_Information shown_
────────────────────────────────────────

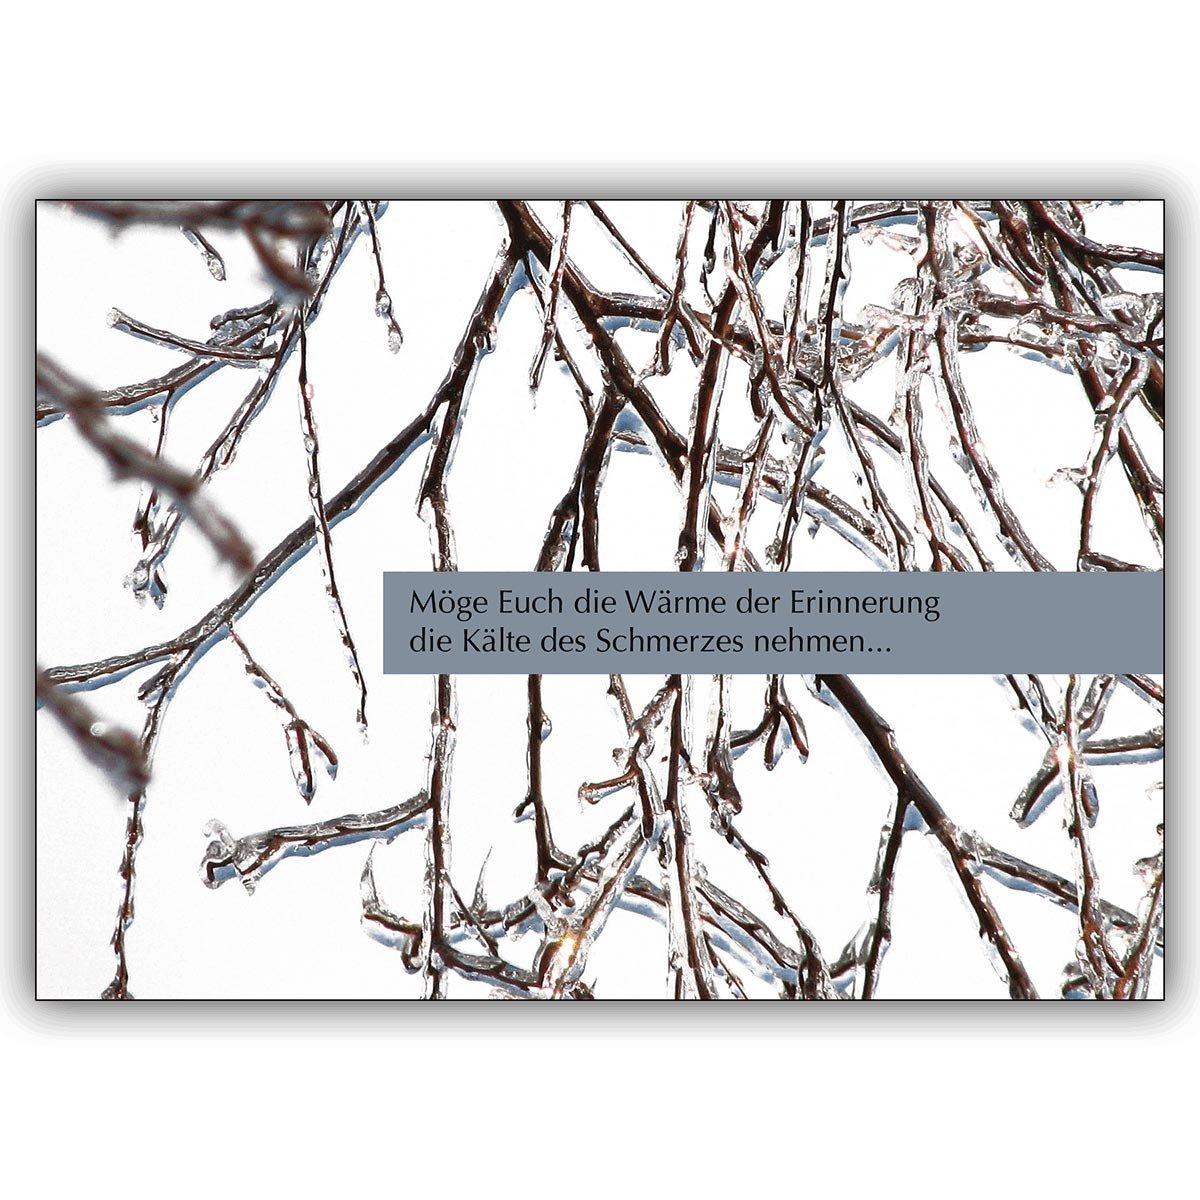 Direkte Fertigung 12 12 12 Traueranzeigen  Winter innen ihr Text. Motiv   Möge Euch die Wärme der Erinnerung die Kälte des Schmerzes nehmen…  den traditionell gestalteten Text drucken wir innen - nur Schrift auswählen zzgl 12 Papier E aca66d
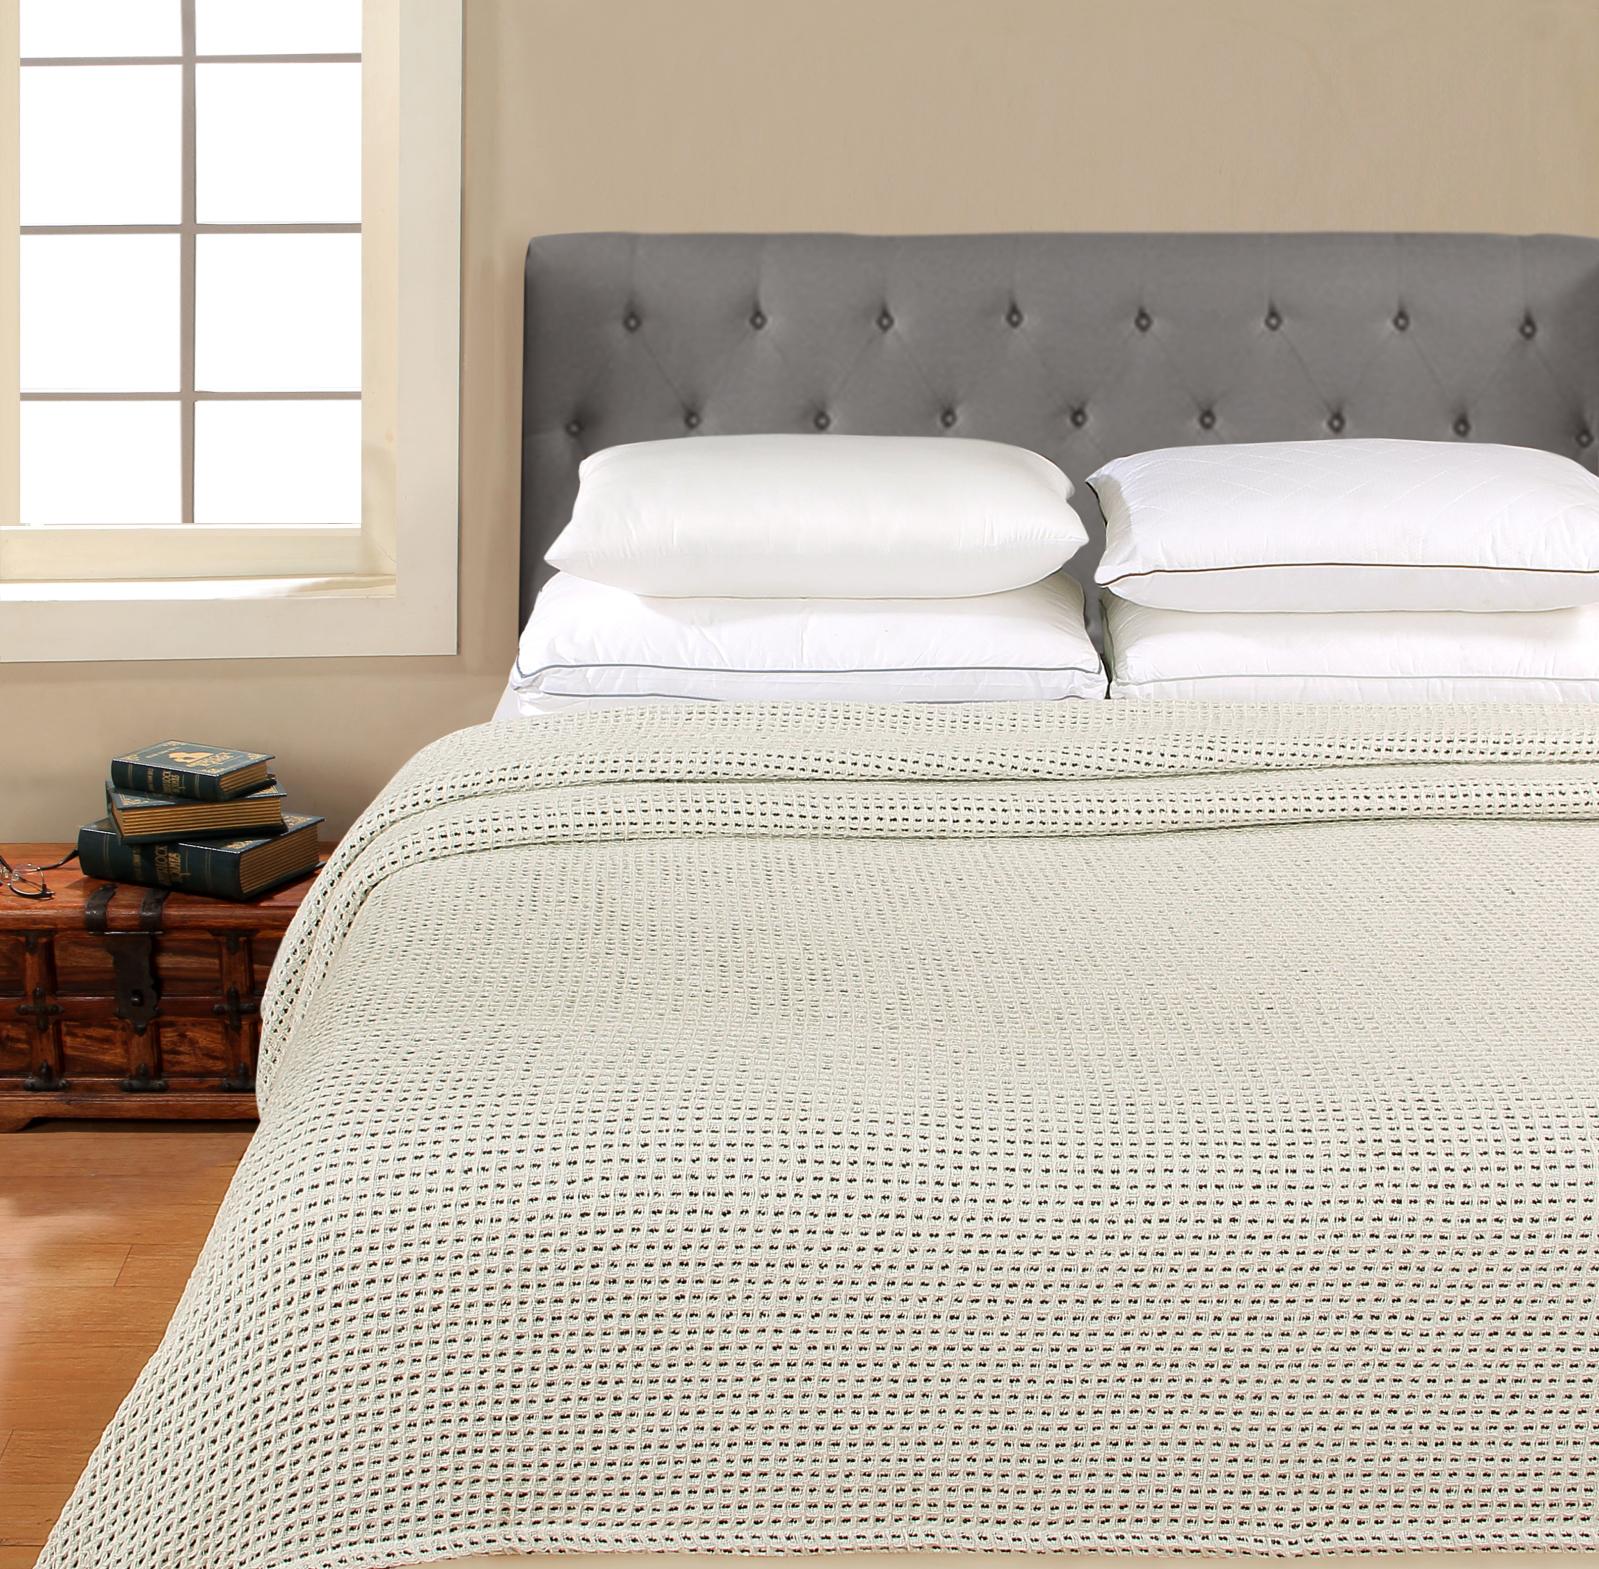 Better Homes & Gardens 100% Cotton Blanket - Color Pop Blanket Blue
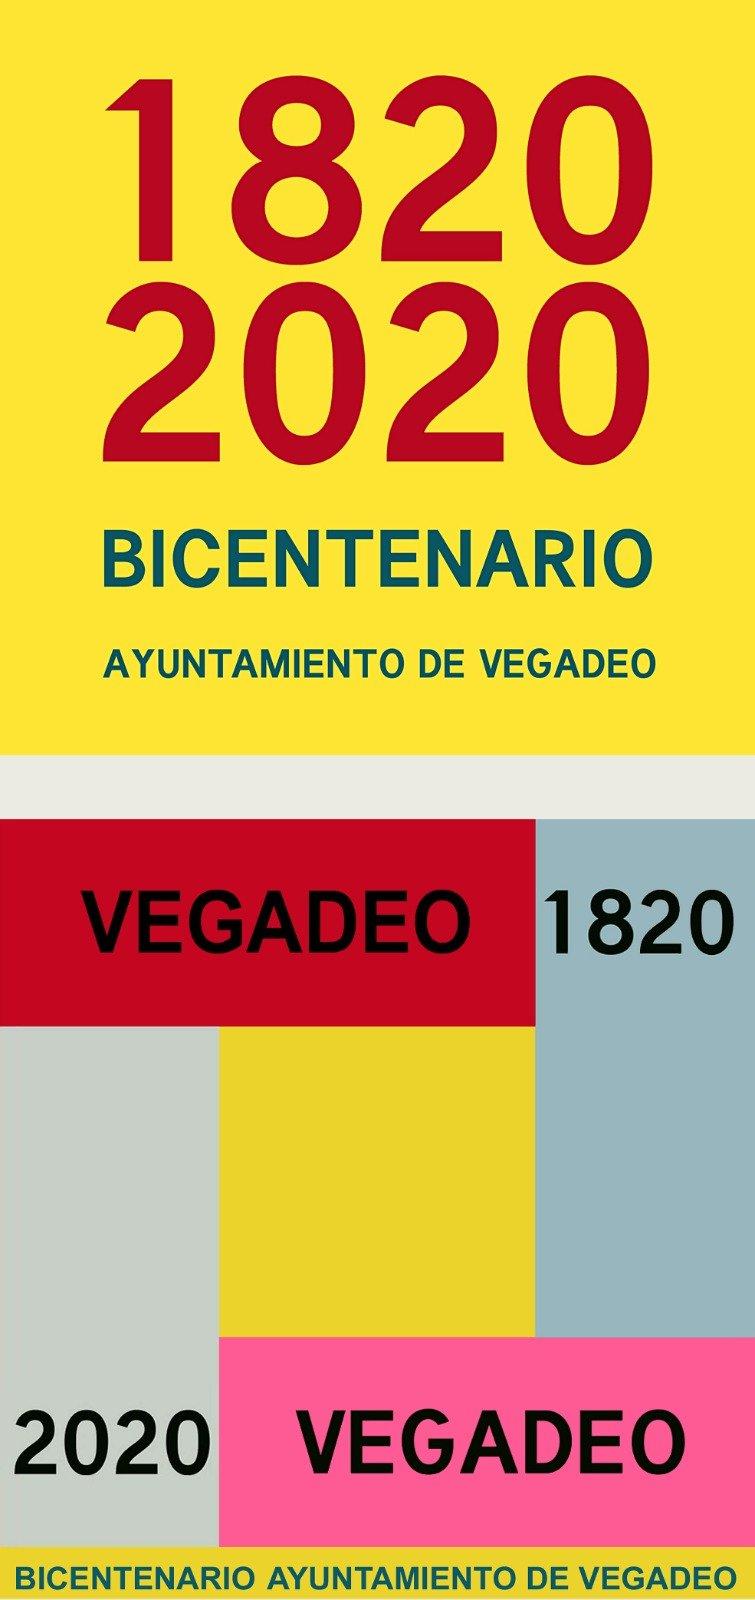 Vegadeo inaugura el alumbrado navideño y ultima la conmemoración de su Bicentenario
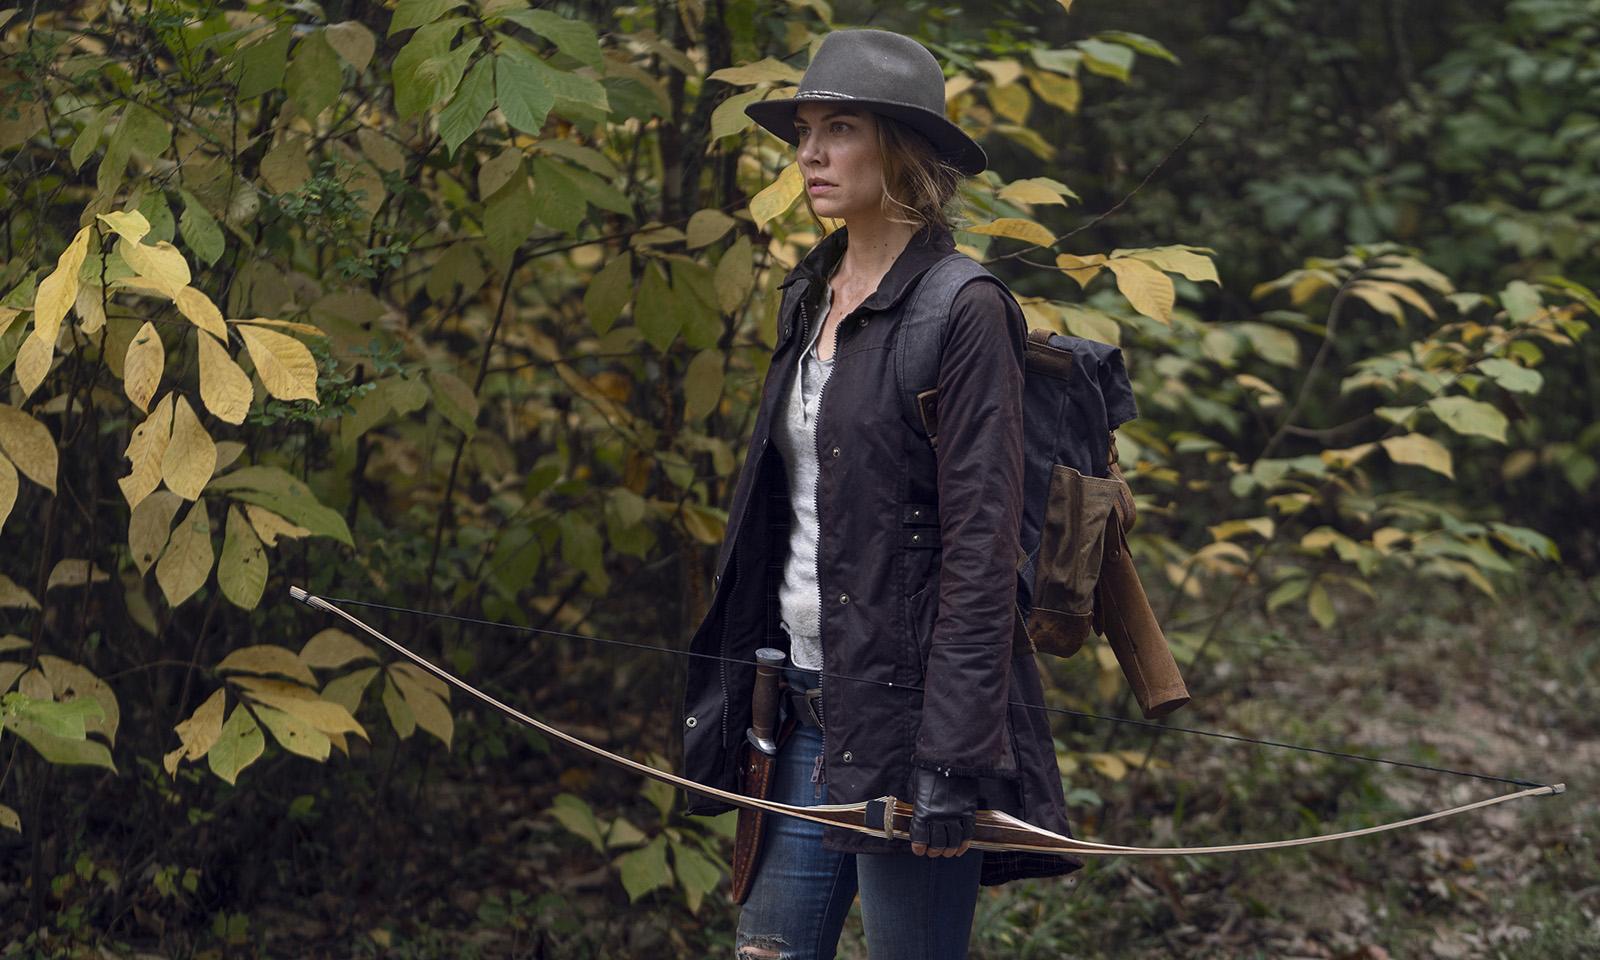 Maggie na floresta segurando seu arco em imagem do episódio Home Sweet Home da 10ª temporada de The Walking Dead

────────────────────────────────────────

_Problem_
Exactly as written, return each line above and leave the pictures behind.

_Task response_
 Direkte Fertigung 12 12 12 Traueranzeigen  Winter innen ihr Text. Motiv   Möge Euch die Wärme der Erinnerung die Kälte des Schmerzes nehmen…  den traditionell gestalteten Text drucken wir innen - nur Schrift auswählen zzgl 12 Papier E aca66d
 Better Homes & Gardens 100% Cotton Blanket - Color Pop Blanket Blue
 Vegadeo inaugura el alumbrado navideño y ultima la conmemoración de su Bicentenario
 Maggie na floresta segurando seu arco em imagem do episódio Home Sweet Home da 10ª temporada de The Walking Dead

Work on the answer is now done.